4.4 Chunking Algorithm

Strategy: Sliding Window with Topic Detection

  1. Start with first N turns
  2. Compute embedding similarity between consecutive turns
  3. If similarity drops below threshold, start new episode
  4. Ensure minimum/maximum episode sizes
  5. Overlap edges for context continuity

5. Implementation Guide

5.1 Development Environment Setup

# Create project
mkdir episode-store && cd episode-store
python -m venv .venv && source .venv/bin/activate

# Install dependencies
pip install chromadb sentence-transformers sqlalchemy pydantic click

# Verify embedding model
python -c "from sentence_transformers import SentenceTransformer; m = SentenceTransformer('all-MiniLM-L6-v2'); print(m.encode('test').shape)"

5.2 Project Structure

episode-store/
├── src/
│   ├── __init__.py
│   ├── store.py         # Main EpisodeStore class
│   ├── metadata.py      # SQLite metadata storage
│   ├── vectors.py       # ChromaDB vector operations
│   ├── embedder.py      # Embedding generation
│   ├── chunker.py       # Conversation chunking
│   └── models.py        # Pydantic models
├── cli/
│   └── main.py          # Click CLI
├── tests/
└── README.md

5.3 Implementation Phases

Phase 1: Basic Storage (4-5h)

Goals:

  • Store episodes with metadata
  • Generate and store embeddings

Tasks:

  1. Set up SQLite schema for sessions/episodes
  2. Integrate sentence-transformers for embedding
  3. Set up ChromaDB for vector storage
  4. Implement add_episode method

Checkpoint: Can store and retrieve an episode.

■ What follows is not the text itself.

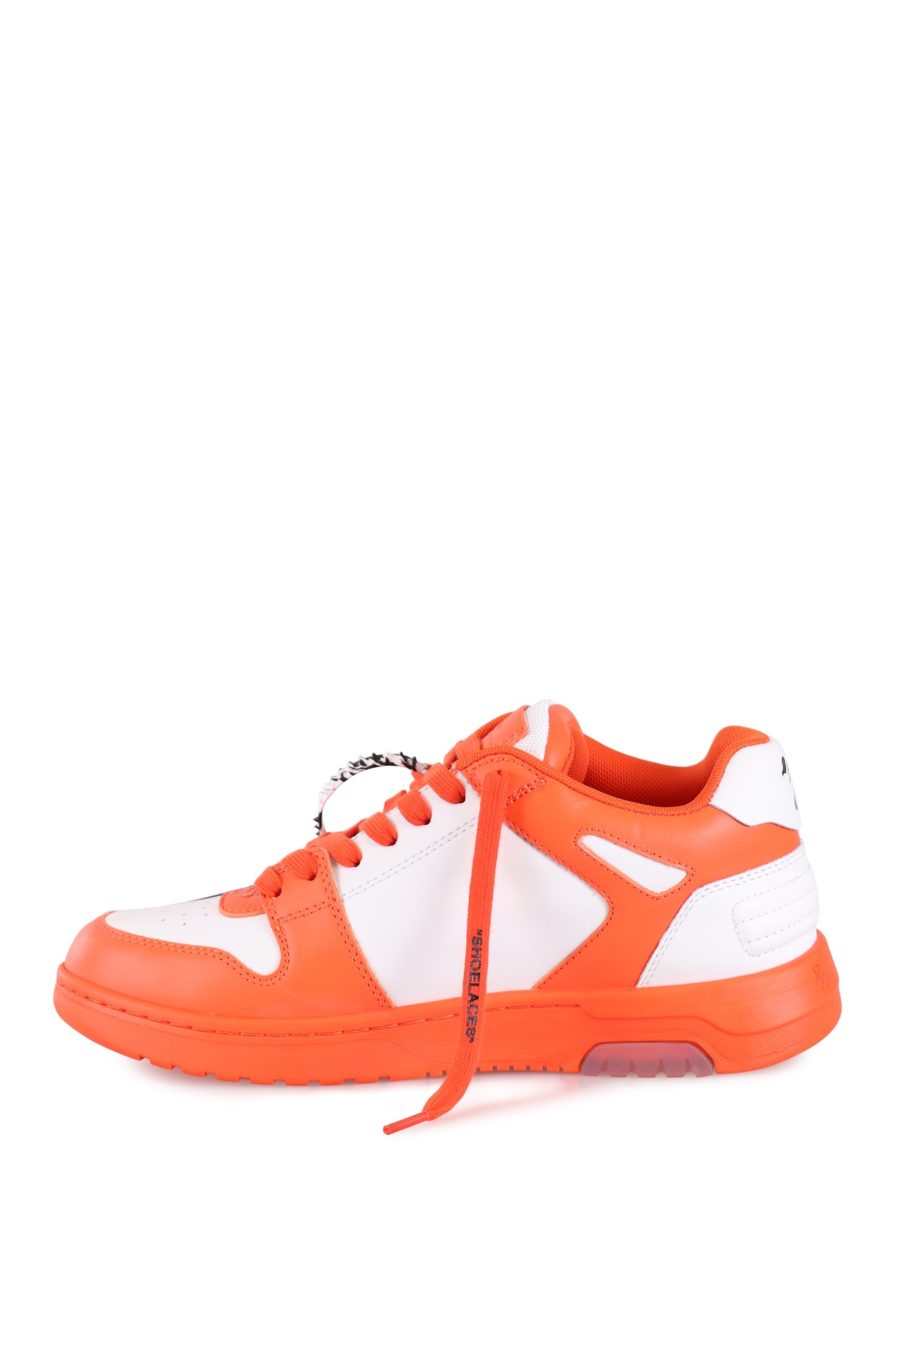 Trainers Off-White "out of office" white with orange - ee09896a6e210ccaae8727d35211009c46a4ea4d
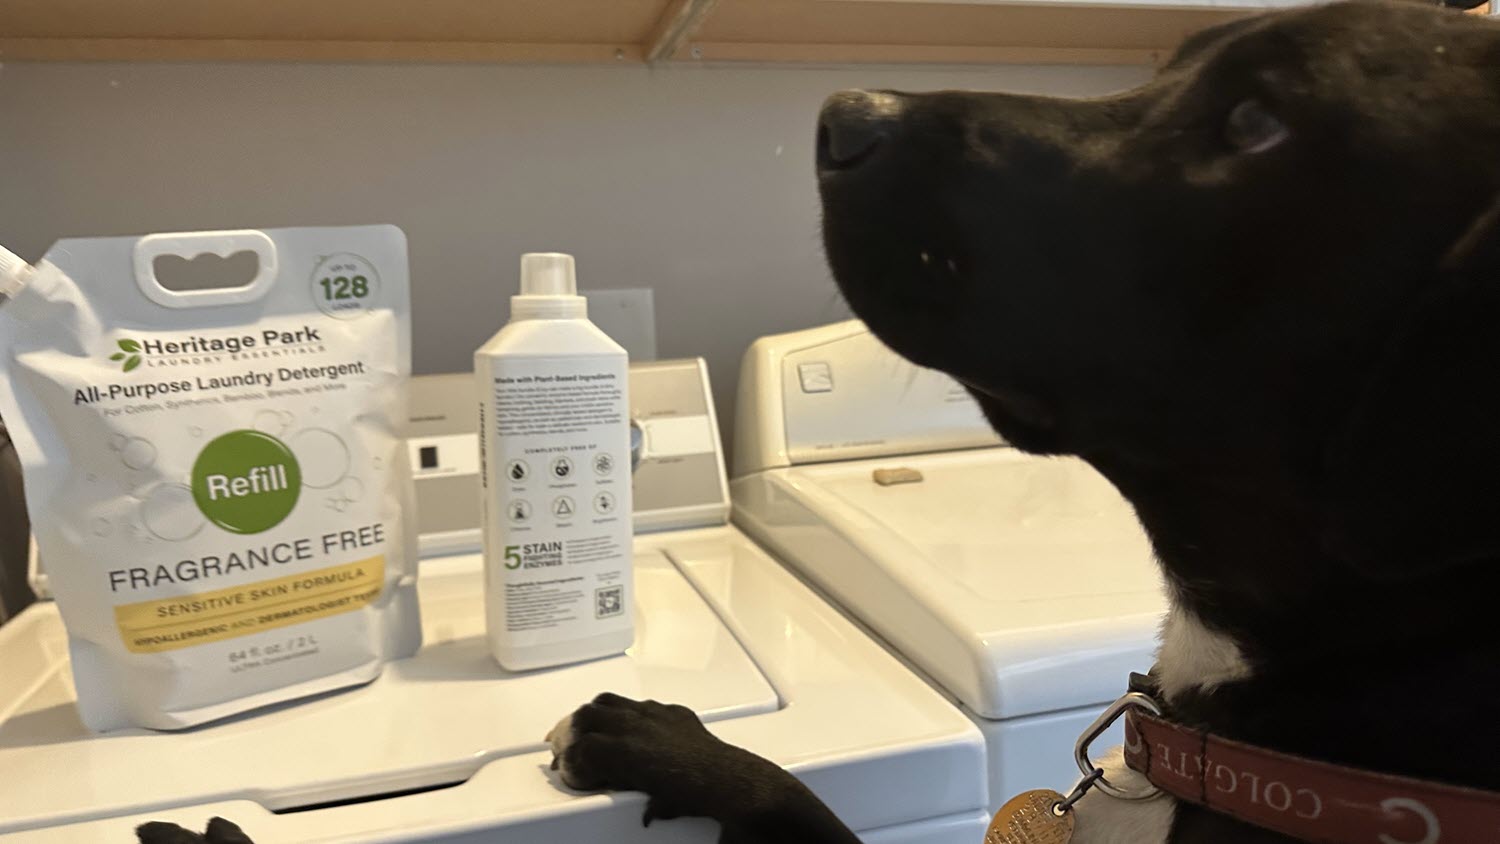 Use a Pet-Safe Hypoallergenic Detergent for Your Pet's Gear and Accessories

Phase 2: Retrieval Methods (4-5h)

Goals:

  • Implement similarity search
  • Implement recency-based retrieval
  • Combine into hybrid retrieval

Tasks:

  1. Implement search with vector similarity
  2. Implement get_recent with timestamp ordering
  3. Implement hybrid RRF fusion
  4. Add user isolation to all queries

Checkpoint: All three retrieval methods working.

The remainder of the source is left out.